Presidential Elections in Romania: Reviving the Civil Society

Klaus Iohannis celebrates at University Square in Bucharest
 after winning the presidential elections.
Photo
rtve.es
“We are not holding much hope for being able to vote today. But you can vote back home. We have come out here so that everyone can see, and we will stand here as long as it takes.”

This message was one of many that flooded the Internet on the 16th of November as thousands of Romanians living abroad queued once again outside their embassies and cultural institutes in major European cities waiting to cast their vote in the final tour of the Romanian presidential election. The insufficient number of polling stations in cities as big as London, Paris, or Munich resulted in thousands of Romanians being unable to vote on both tours of the election. This sparked massive protests in the home cities of Bucharest, Cluj and Timisoara, as well as the highest turnout on the final day of elections since 1996.

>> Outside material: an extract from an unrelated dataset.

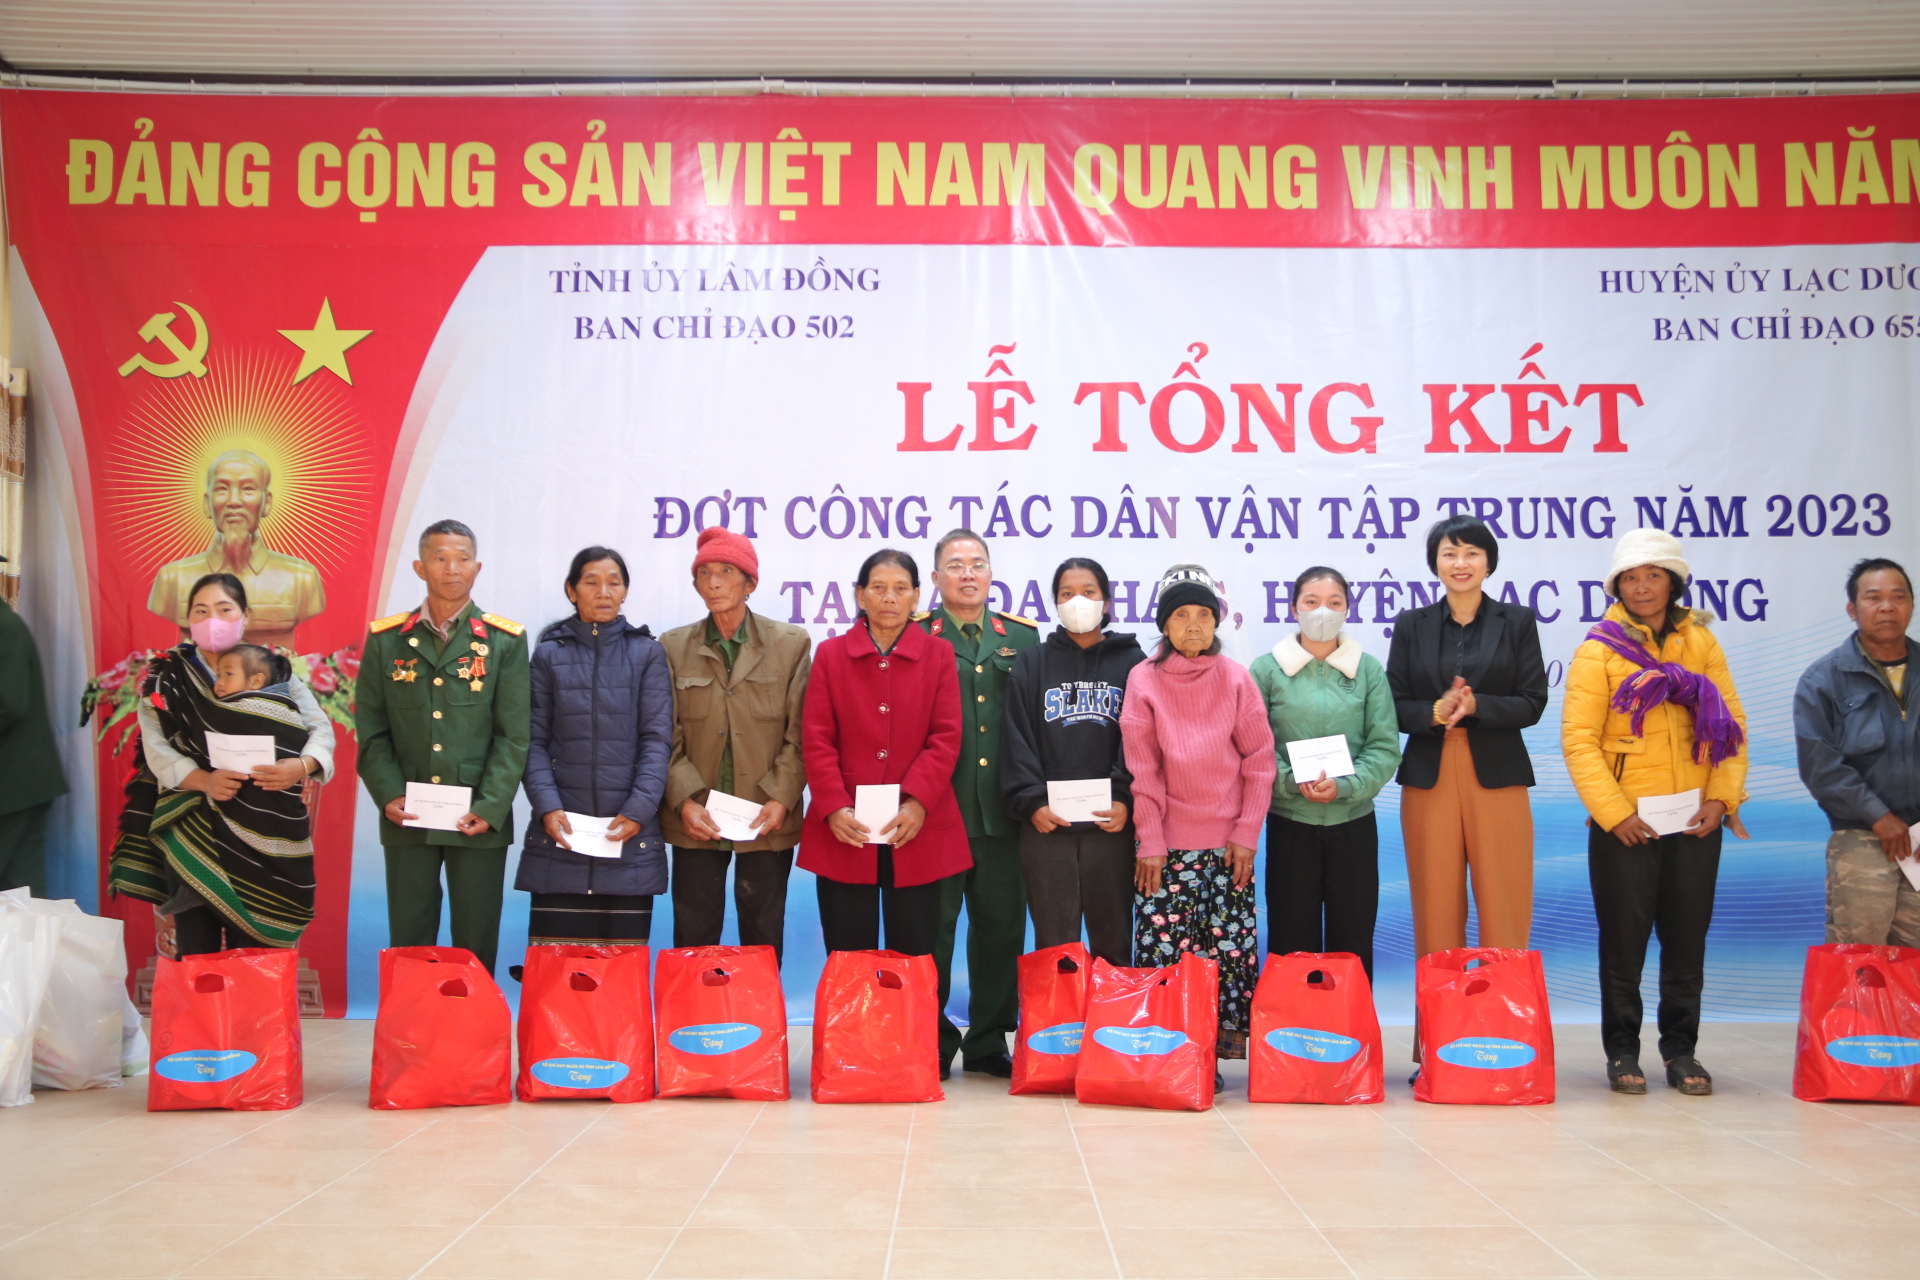 Tổng kết đợt công tác dân vận tại xã Đạ Chais, huyện Lạc Dương
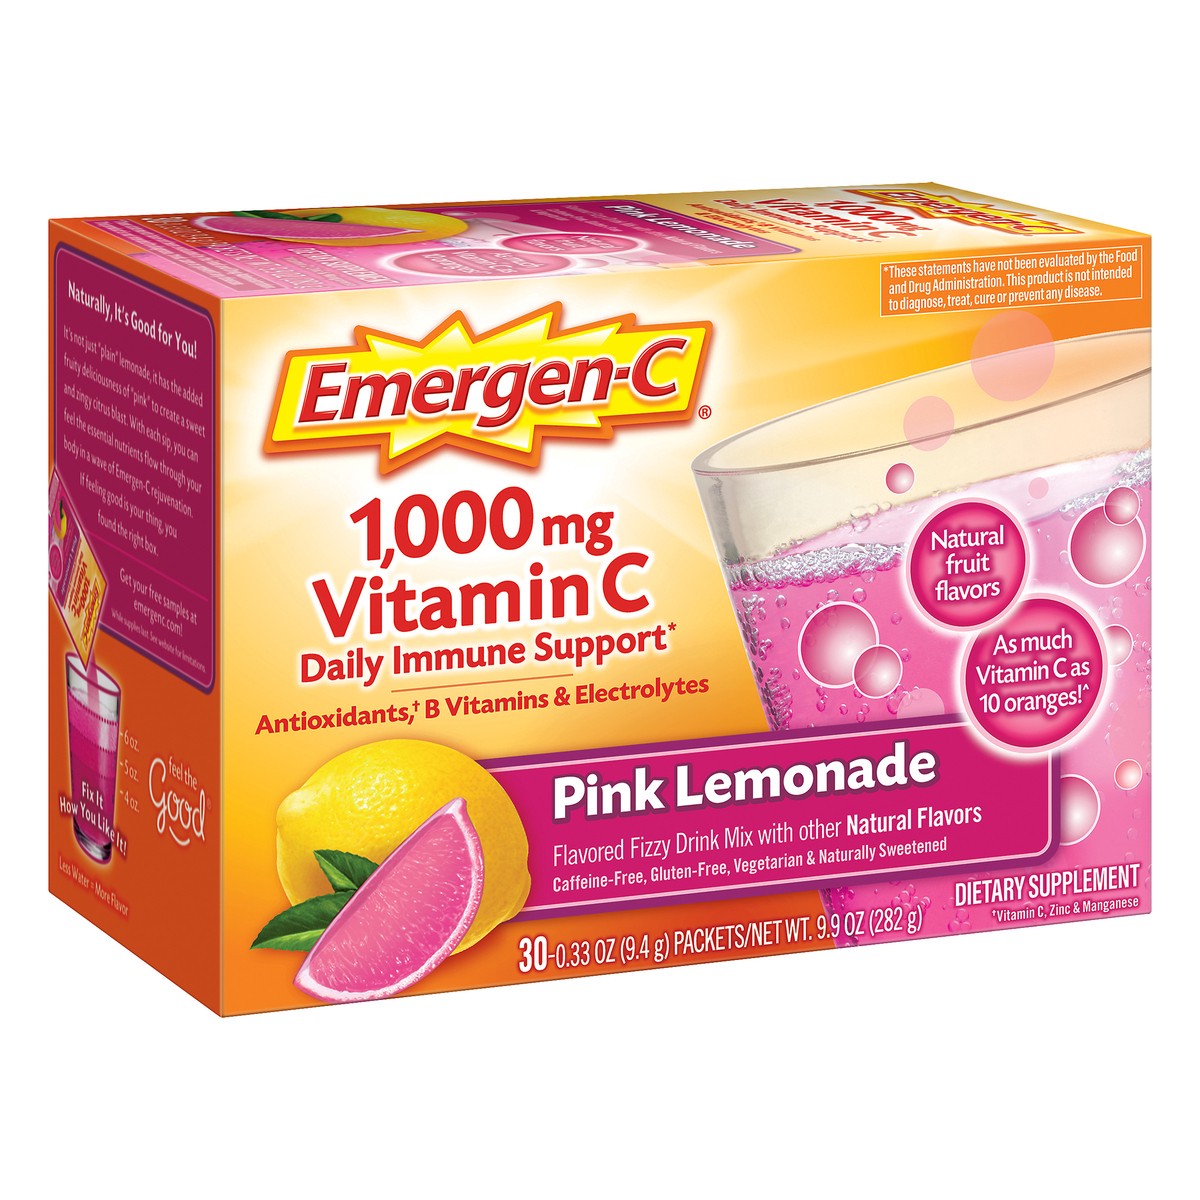 slide 7 of 11, Emergen-C Fizzy Drink Mix 1,000 mg Pink Lemonade Vitamin C 30 ea, 30 ct

Solidarity with the Romanian diaspora and a strong aversion toward the ruling communist-descended PSD party have enabled the victory of center-right candidate Klaus Iohannis, who won with a surprising 54.8 percent against the 45.2 percent taken by the acting prime-minister Victor Ponta. Ponta was the favorite to win after the first tour elections revealed a comfortable 10 percent advantage over contender Klaus Iohannis.
The events that have taken place over the last two weeks meant more than just choosing between two presidential candidates. What occurred signaled the emergence of a new understanding of the role of civil society for democracy in a country that had seemed to slip into a resigned apathy when faced with widespread corruption that took hold of it after the fall of communism. The political events that ensued after 1989 had slowly pushed the public into a state of alienation in which one across-the-board conviction reigned: “they (the politicians) will do whatever they want no matter what we (the general public) do.”
This presidential campaign saw a surprising involvement from civil society groups, particularly on social media platforms, where the main message focused on the people’s capacity to prompt change. Events organized on Facebook turned into protests demanding Ponta’s resignation as prime-minister for the failure to adequately organize the elections in the diaspora, who were known to vote against him and his party. “I have no reason to step down,” Ponta told a local TV station.
The elected president will face a hostile parliamentary majority currently dominated by Victor Ponta’s party, which could cause serious policy disputes and further the country’s instability.
Nevertheless, this vote and the events around it have given encouraging signs of Romania’s political maturity: the maturity to elect a president that is part of an ethnic and confessional minority -Klaus Iohannis is an ethnic German who is openly protestant in a predominantly orthodox country, something that his opponent has tried to use against him in the campaign; the maturity to stand up to a political system that would hinder its own citizens’ right to vote; and most importantly, the maturity to understand the active role that civil society has to play in a working democracy.